Absolutely true; our documentation is rather sparse when it comes to our internal low level API, and we are well aware that many of our users would benefit from some more brain food reg. our architecture. As a matter of fact, writing a good documentation takes a lot of resources, which is why we are always thankful for external contributions.
Still, we are doing our best to document our source code as good as possible. It may help a lot when you want to leave our high-level APIs, such as the client APIs and XQJ.
Christian
Hi Christian,
I just did a quick test using your suggestion, and what can I say? It seems to work very well! I guess the internal node representation is indeed what I need. Next month I'll get back to it and probably bother you with questions about that internal stuff. :-)
Thanks a million!
On 25.10.2012 16:09, Rainer Klute wrote:
I just did a quick test using your suggestion, and what can I say? It seems to work very well! I guess the internal node representation is indeed what I need. Next month I'll get back to it and probably bother you with questions about that internal stuff. :-)
Christian,
do you have some info, documentation or sample code on how to access a DBNode if it represents an XML element, an attribute or some other type of XML node? Presently I am trying to figure out how to retrieve an attribute's value. Thanks!
Hi Rainer,
I’m sorry there is no public documentation on our low-level API. Did you have a look at the JavaDoc of our source code?
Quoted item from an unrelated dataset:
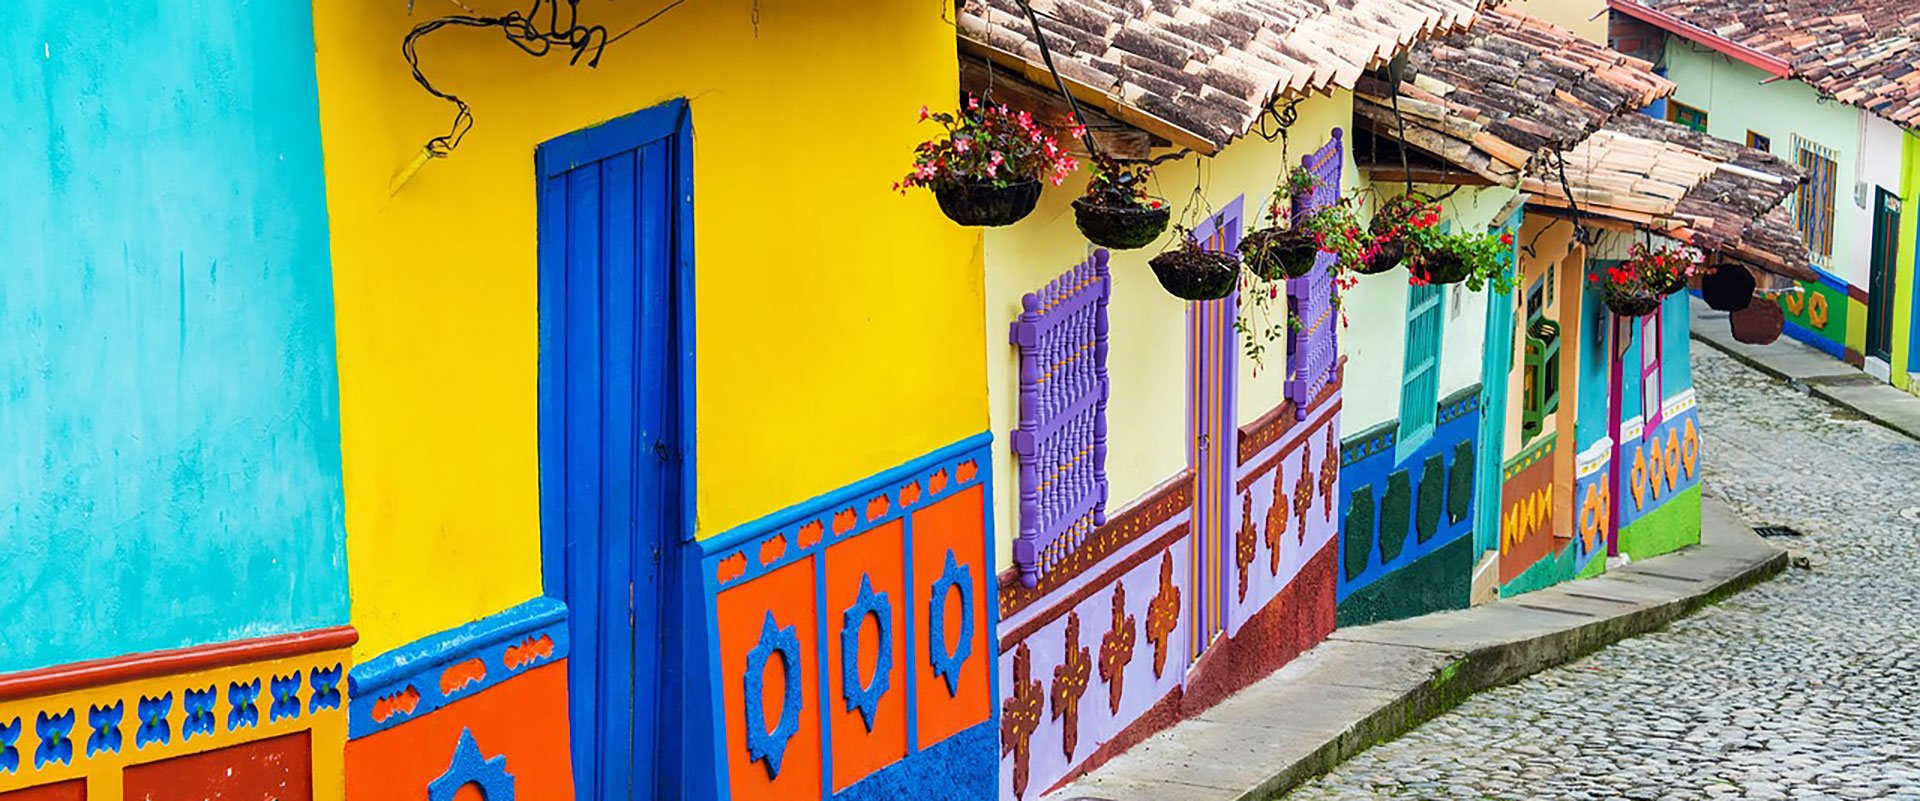 maisons colorées typiques rue pavée colombie bogota capitale

This is e.g. how you may request the value of an attribute:
ANode node = ... byte[] value = node.attribute(new QNm("name")); System.out.println(Token.string(value));
This is how you can iterate through all attributes:
for(final ANode att : node.attributes()) { ... }
Hope this helps, Christian ___________________________
On Mon, Oct 29, 2012 at 5:14 PM, Rainer Klute rainer.klute@itemis.de wrote:
On 25.10.2012 16:09, Rainer Klute wrote:
I just did a quick test using your suggestion, and what can I say? It seems to work very well! I guess the internal node representation is indeed what I need. Next month I'll get back to it and probably bother you with questions about that internal stuff. :-)
Christian,
do you have some info, documentation or sample code on how to access a DBNode if it represents an XML element, an attribute or some other type of XML node? Presently I am trying to figure out how to retrieve an attribute's value. Thanks!